We walked away with 5 bushels of apples!  2 bushels of Summer Rambo (we had to buy firsts, because we were too late for seconds, but I REALLY wanted Rambo's this year), 1 1/2 bushels of Macintosh and 1 1/2
bushels of Honeycrisp.  All delicious apples that I would eat on their own.

I don't think I could ever make applesauce without my Mom's Victorio Strainer!  It has to be at least 30 years old and it's probably time for me to purchase my own.

This baby makes it easy!  No peeling, no coring!

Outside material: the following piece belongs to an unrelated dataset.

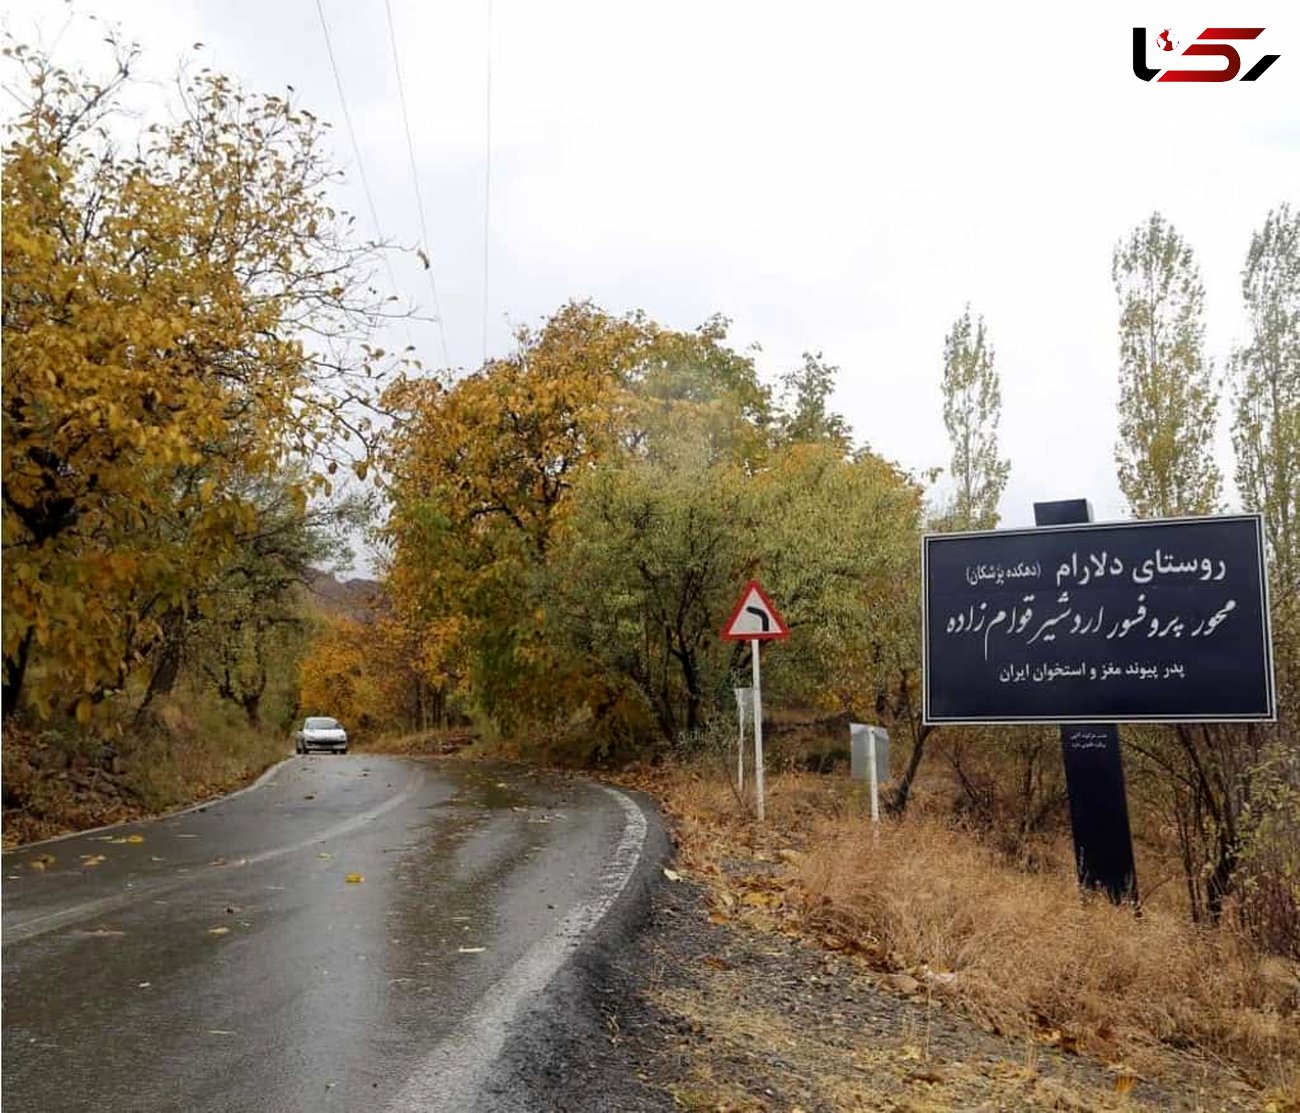 دهکده پزشکان ایران کجاست؟  / 175 پزشک در این روستا به دنیا آمده اند + تصاویر

We quartered the apples, cooked them with a little bit of water, cranked them through the Victorio...and VOILA!  77 quarts & 13 hours later (remember I have 3 kids!  Next time I'll ship them off, so that it takes less time!) we had some delicious applesauce!





Elise seems less than enthusiastic about this venture!

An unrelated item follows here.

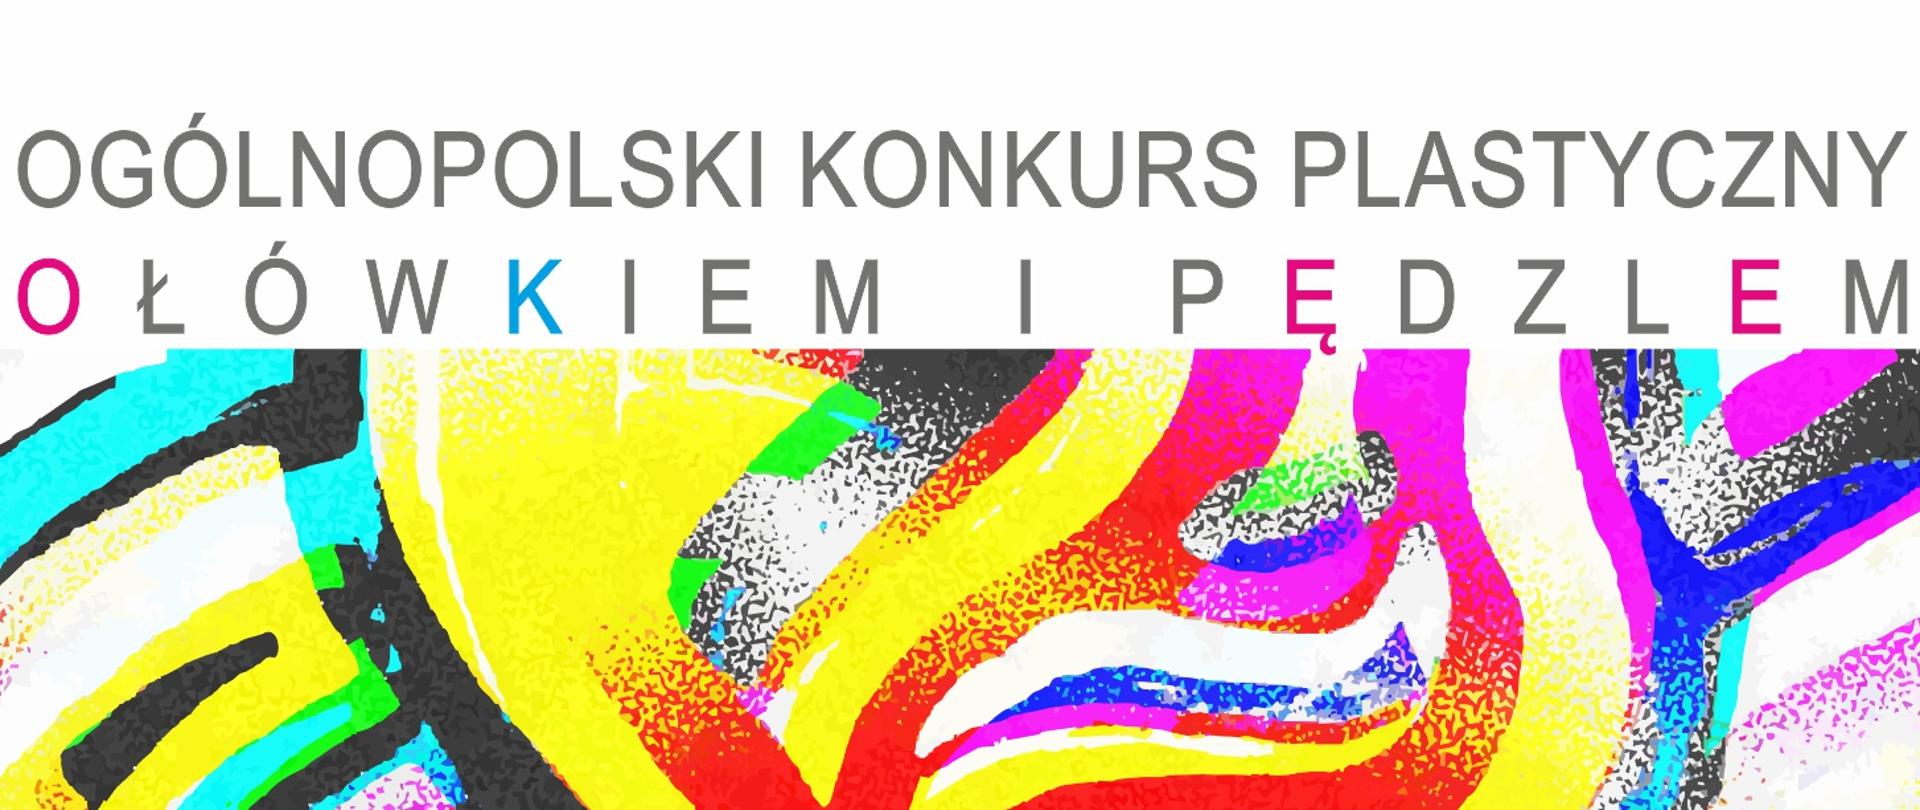 grafika Ogólnopolski Konkurs Plastyczny "Ołówkiem i pędzlem"

Nora is a bit more excited, little did she know her job would be keeping the other two kids distracted!

A few apples





There is something beautiful about canning!



Now that I have applesauce made, it's Apple Butter time!!!

Tuesday, November 8, 2011

All Sorrows are Less With Bread...

Ok, so obviously bread doesn't heal all sorrow, but MAN, it HELPS!

I've recently made the decision to make all of our bread from scratch.  Store-bought bread is SO expensive and not really that good.  I've tried a few different wheat bread recipes, but they all turned out like BRICKS!  NOT what I want to eat with my turkey and provolone.

I finally found the perfectly moist, light and airy wheat bread!  It's not totally wheat (i'm working my way to getting it mostly wheat).  You can add nuts and grains if you desire and it turns out perfectly every time!


Ingredients

  • 1 (.25 ounce) package rapid rise yeast
  • 1 teaspoon raw honey
  • 1/2 cup warm water (110 degrees F/45 degrees C)
  • 1 (12 fluid ounce) can evaporated milk (I read you can use regular milk, I haven't tried this yet)
  • 1/4 cup water
  • 1/4 cup coconut oil
  • 1/4 cup raw honey
  • 2 teaspoons salt
  • 3 cups whole wheat flour
  • 2 cups bread flour
  • 1/2 to 1 cup of wheat germ or other grains/nuts (optional)
  • 2 tablespoons butter

Directions

  1. Dissolve yeast and 1 teaspoon honey in 1/2 cup warm water.
  2. Combine milk, 1/4 cup water, shortening, honey, salt and 2 cups wheat flour in food processor or kitchenaid bowl. Mix in yeast mixture, and let rest 15 minutes. Add remainig 1 cup wheat flour, bread flour,wheat germ (or nuts) and process until dough forms a ball. Knead dough by processing an additional 80 seconds in food processor, kitchenaid with dough hook for 7 minutes on speed 2, or mix and knead by hand 10 minutes. Place the dough in a buttered bowl, and turn to coat. Cover the bowl with plastic wrap. Let dough rise for 45 minutes, or until almost doubled. (depending on the weather, this can take up to 2+ hours)
  3. Punch down, and divide dough in half. Roll out each half, and pound out the bubbles. Form into loaves, and place in buttered 9x5 inch bread pans. Butter the tops of the dough, and cover loosely with plastic wrap. Let rise in a warm area until doubled; second rise should take about 30-60 minutes.
  4. Place a small pan of water on the bottom shelf of the oven. Preheat oven to 375 degrees F (190 degrees C).
  5. Bake for 25 to 35 minutes, or until tops are dark golden brown. Butter crusts while warm (this keeps the crust soft). Slice when cool.
  6. Note: Check the bread at about 20 minutes, I usually have to cover with foil, so it doesn't get too dark.


For the day, your home smells heavenly.  Who doesn't like the smell of freshly baked bread!  Enjoy!


Monday, November 7, 2011

Ordinary Kitchen

One thing you have to know about me, I want to have anything BUT an ordinary kitchen!  However, if you are like me, schedules, family, school, temper tantrums and blood curdling screams (from the friendly neighborhood dog) can sometimes cause dinner to be less than exciting.  It's time to bring adventure back into the kitchen.

I LOVE to cook.  I cook for my husband and 2 girls.  I cook for family.  I cook for friends.  But, I find as life happens, I start to lose the joy and excitement in cooking.  This blog is to celebrate the mundane, to bring life back into my kitchen!

Grab a cup of joe and the new recipes you've been meaning to make. Join me in the kitchen as I celebrate new recipes, new aromas, constant distraction and a love of food and friendship!